A report from the Association of British Insurers (ABI) and Thinks Insight and Strategy’s Behavioural Team found just 14 per cent of people were able to make a decision which would leave them better off with generic guidance. 

The figure jumped to 76 per cent when the participants received personalised guidance.

This involved setting a specific withdrawal amount to avoid higher rate tax. 

And those who received personalised guidance were slightly more likely to be willing to pay for this service at 46 per cent, compared with the 40 per cent who would pay for generic guidance. 

Receiving personalised guidance also reduced the individuals’ need for additional information, down from 56 per cent to 45 per cent.

Dr Yvonne Braun, director of long-term savings at the ABI, said: "Navigating the financial world can be confusing and it’s vital we do more to help people save, invest and make informed decisions when accessing their pensions.

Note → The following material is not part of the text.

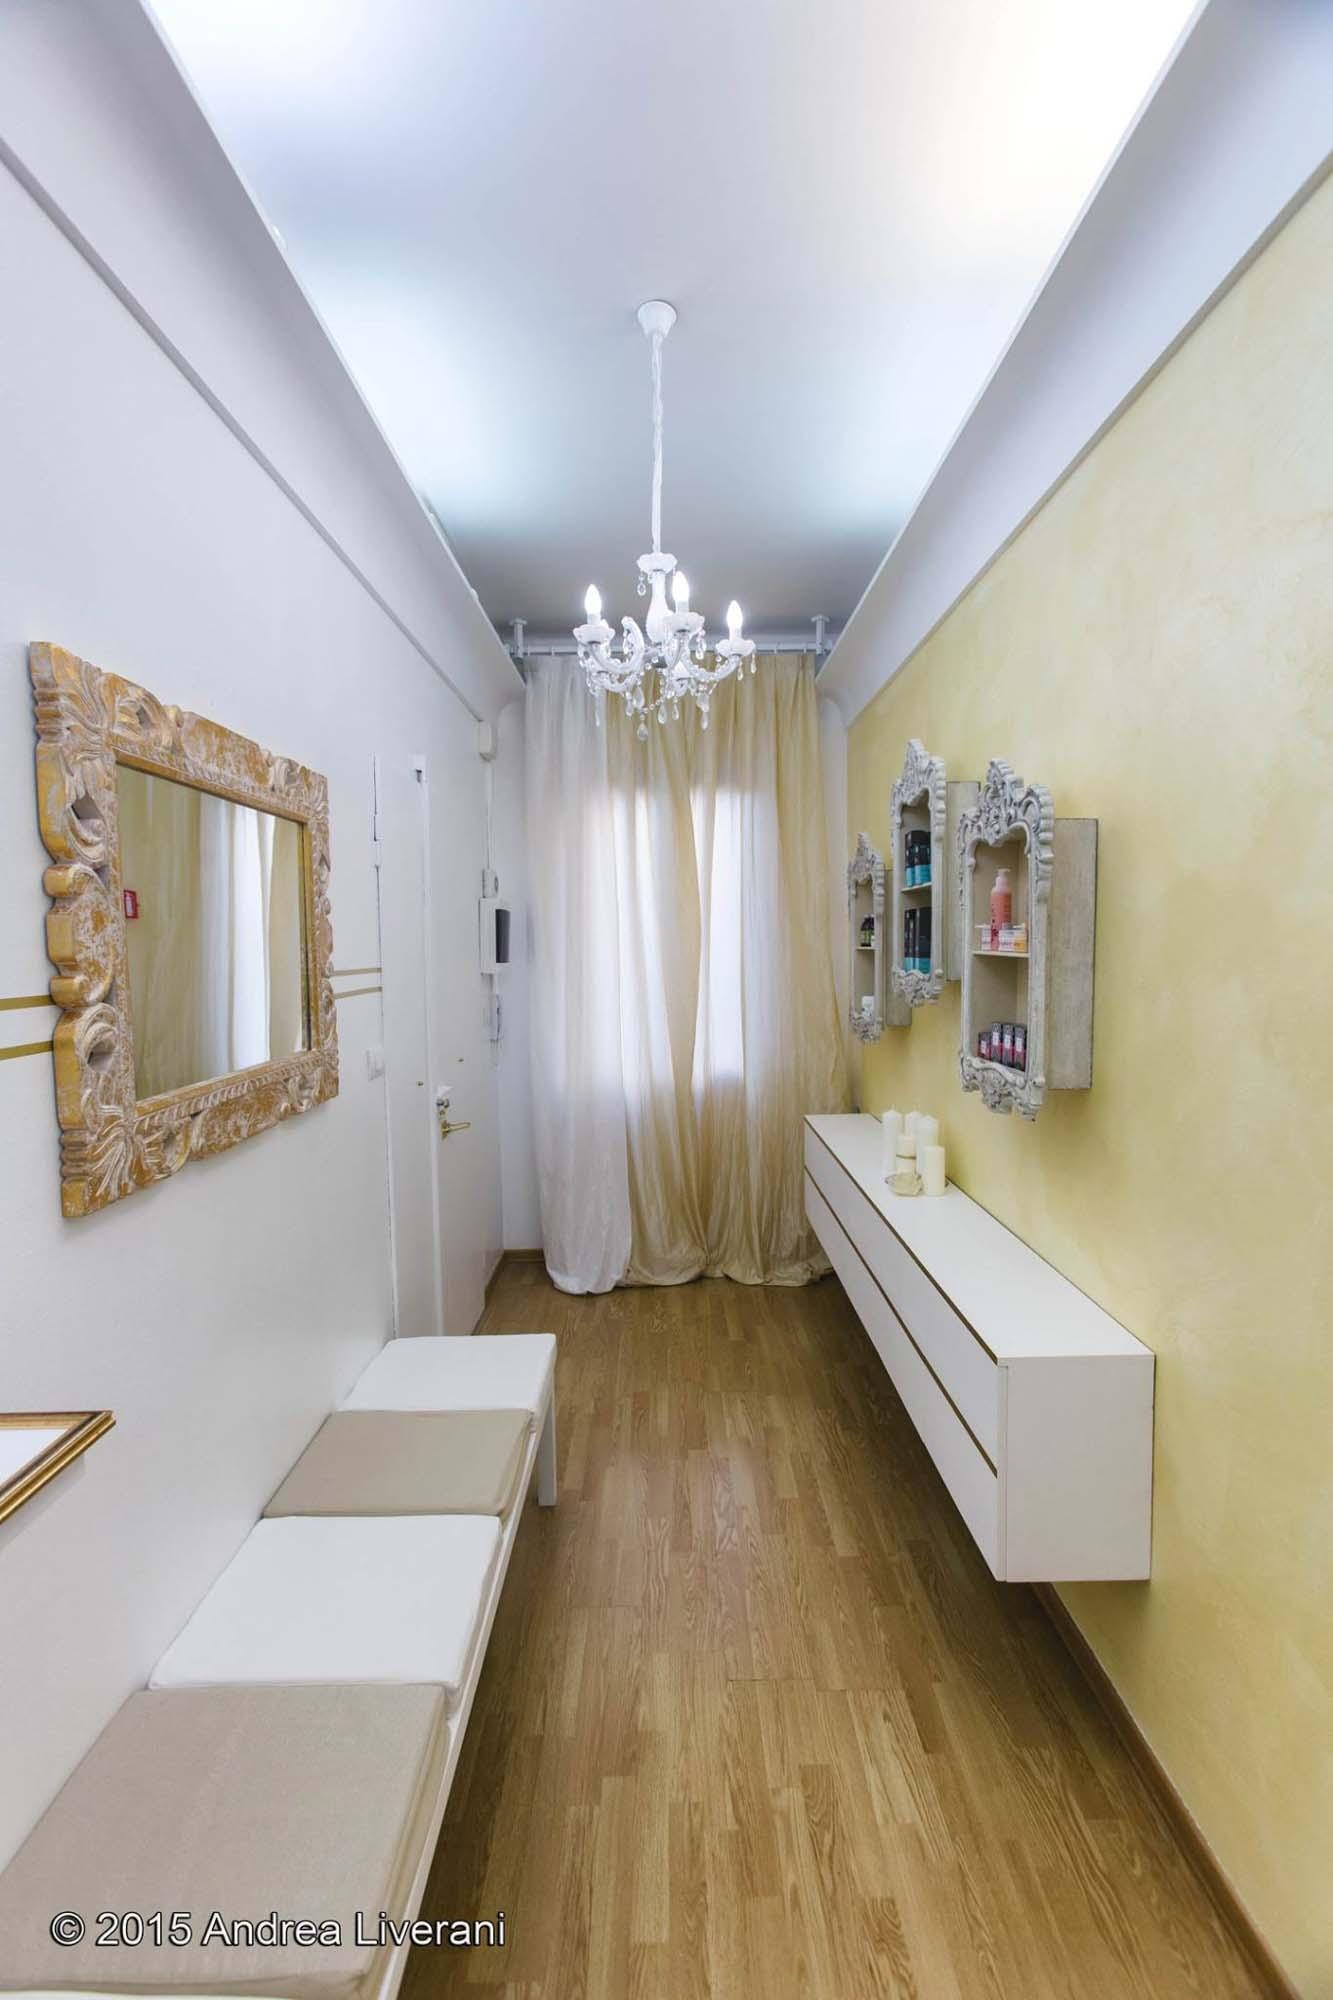 Centro Estetico a Verona

"Our research clearly shows that customers can benefit from guidance tailored to their personal circumstances where it presents clear and relevant options to help decision making."

Personalised guidance is the provision of information and support, tailored to an individual customer, based on data the provider holds on the customer.

Currently, advice rules restrict pension providers, mutual societies and investment platforms from offering guidance beyond that which is generic and purely factual to non-advised customers.

However, last week, the Financial Conduct Authority set out three proposals to reform the advice boundary, 

These included a new approach allowing firms to provide support tailored to groups of people in similar circumstances and a new form of simplified advice.

Max Mawby, founder of Thinks Applied Behavioural Science, said: "It is always delightful to see such clear results when you run an experiment.

"The results suggest that firms have the opportunity to deliver much better outcomes for their customers by personalising guidance, particularly when simple choice architecture is used to guide customers alongside more traditional text."

Mawby added that a personalised approach could help firms comply with the FCA's consumer duty rules which were introduced this year. 

Steve Webb, partner at LCP and former pensions minister, praised the "vitally important" research. 

He added: "We already have a world in which savers have complex choices to make at retirement, and the government is also consulting on giving them additional choices about how and where they build up their pension pot. 

"But extra choice can cause confusion and lead to poor outcomes if savers are not helped to navigate these choices. 

"Regulations should make it clear that providers can use information which they hold about savers to offer guidance which is personalised and presented in a way that helps people to make good choices."